Смедз смотрел на мостик над канавой и гадал, придет ли Рыба и что делать, если не придет. Постепенно он убедил себя, что остался последним из четырех подельников и что величайшее сокровище в мире не спасло его от нищеты. Точно крыса, он ютится в клоаке. Вот уже в десятый раз ищет в мешке забытую корку хлеба – и, конечно, ничего не находит, кроме добытого в Курганье золота и серебра. Целое состояние – но с какой легкостью Смедз отдал бы его за сытный обед, теплую постель и уверенность в том, что всяческие страсти и напасти забудут его имя.

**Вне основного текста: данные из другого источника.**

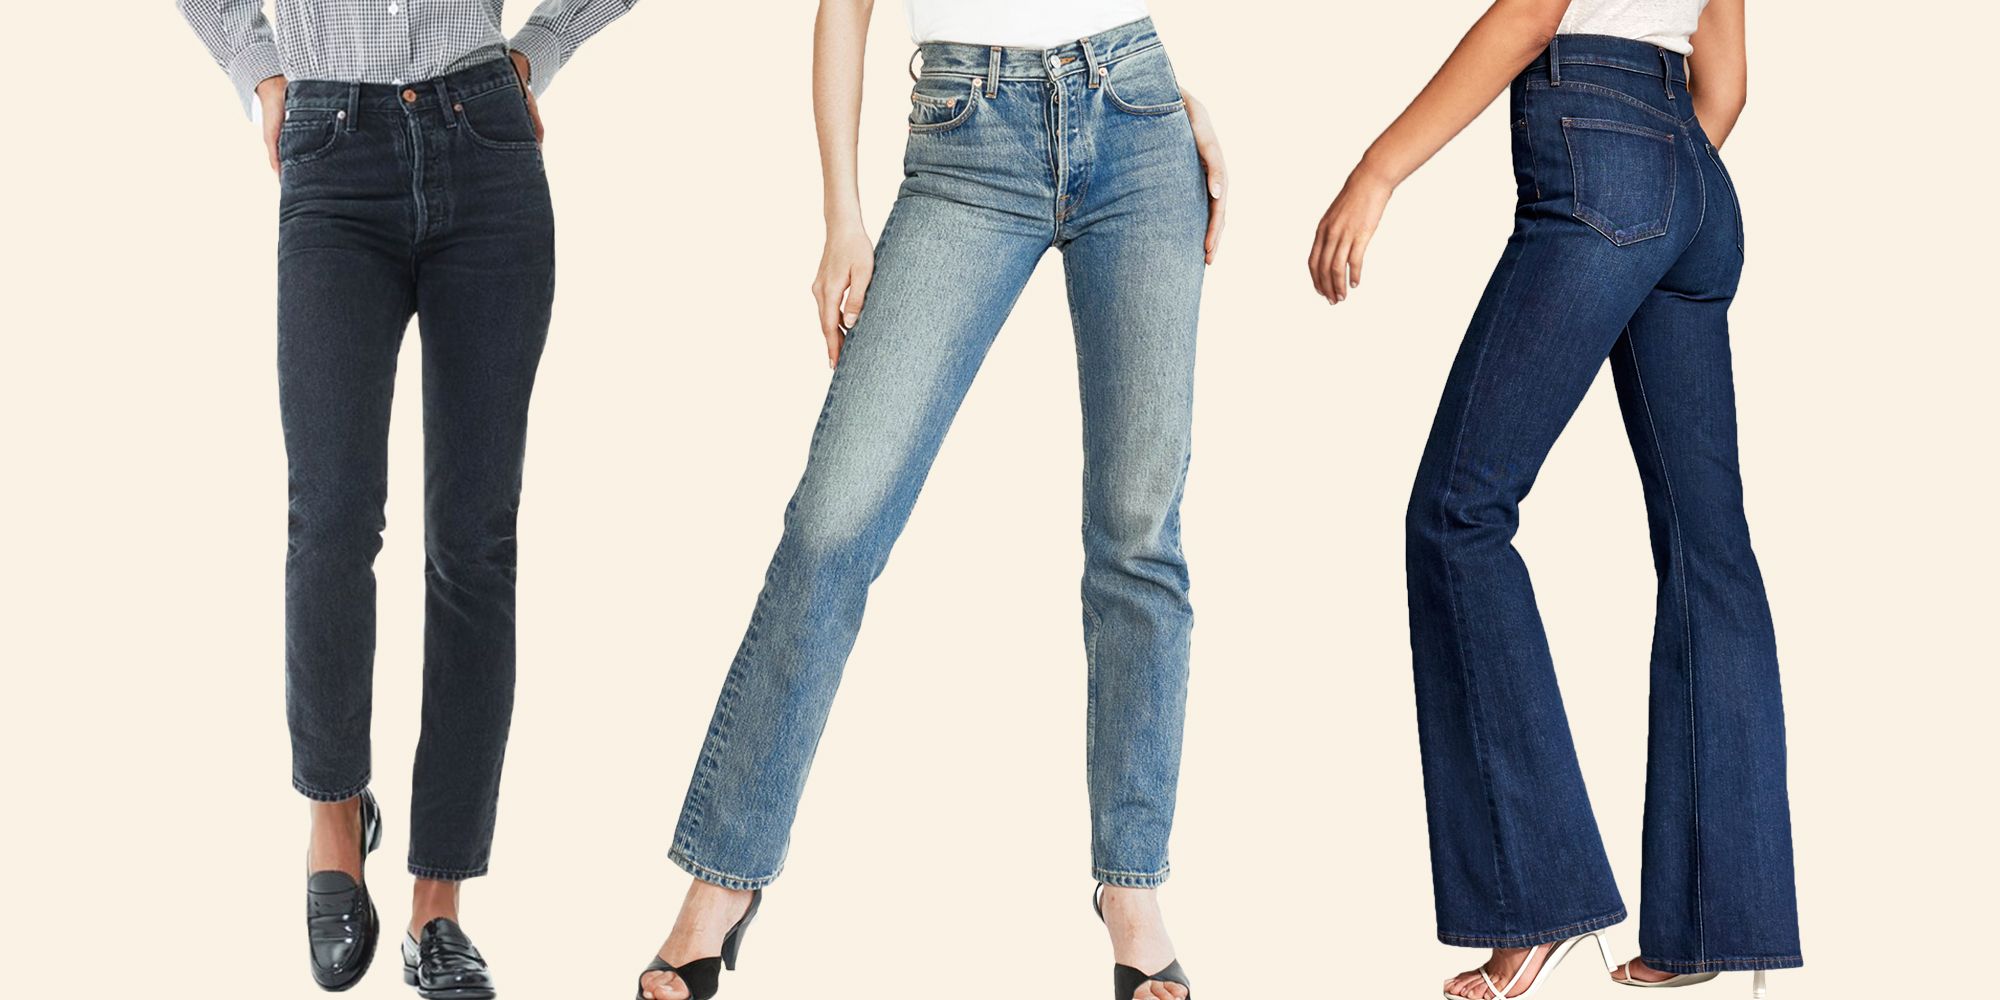 How to measure inseam women? An easy guide

Он вздрогнул. Размечтавшись, не заметил, как двое мужчин пришли на мостик. Один из них похож на Рыбу.
Вот Старик дал условный знак – сейчас оставит второго на месте, а сам спустится к напарнику. Смедз засунул мешок в заранее найденное отверстие – туда, где вывалилось несколько камней из облицовки и грунтовые воды промыли полость в земле. Теперь надо пробежать сотню ярдов до конца крытого участка канавы, к свету.
На полпути он споткнулся о труп, над которым успели хорошенько потрудиться крысы. Но Смедз настолько привык ко всей этой жути, что просто поспешил дальше, не уделив мертвецу даже коротенькой мысли. Он выбрался из канавы и, увязая в снегу, добрался до условленного места встречи, которое нельзя было увидеть с моста – мешал бугор шестифутовой высоты.
Рыба принес внушительных размеров холщовую синюю сумку.
– Порядок? – прохрипел Смедз.
– Да вроде все честно. Здесь первая треть, а еще еда, одежда, одеяло и кое-какие мелочи. Тебе пригодится.
У Смедза потекли слюнки. Но он спросил:
– Что теперь?
– Идешь на мост, берешь вторую треть, говоришь ему, где искать клин. Я наблюдаю из укрытия. Будут заморочки – я его выслежу и пришью. Вперед. Давай закончим дело.
Смедз взглянул на Старика, пожал плечами и зашагал к мостику. Даже сам от себя не ожидал такого хладнокровия. Наверное, уже привык попадать из огня да в полымя. Вон как достойно вел себя в плену у мятежников. Его так и не сломали.
Человек на мостике стоял, прислонясь к перилам и глядя в пустоту. Без любопытства он посмотрел на Смедза, когда тот приблизился. Ногой незнакомец придерживал синюю сумку. Смедз подступил бочком и облокотился о перила по другую сторону от сумки.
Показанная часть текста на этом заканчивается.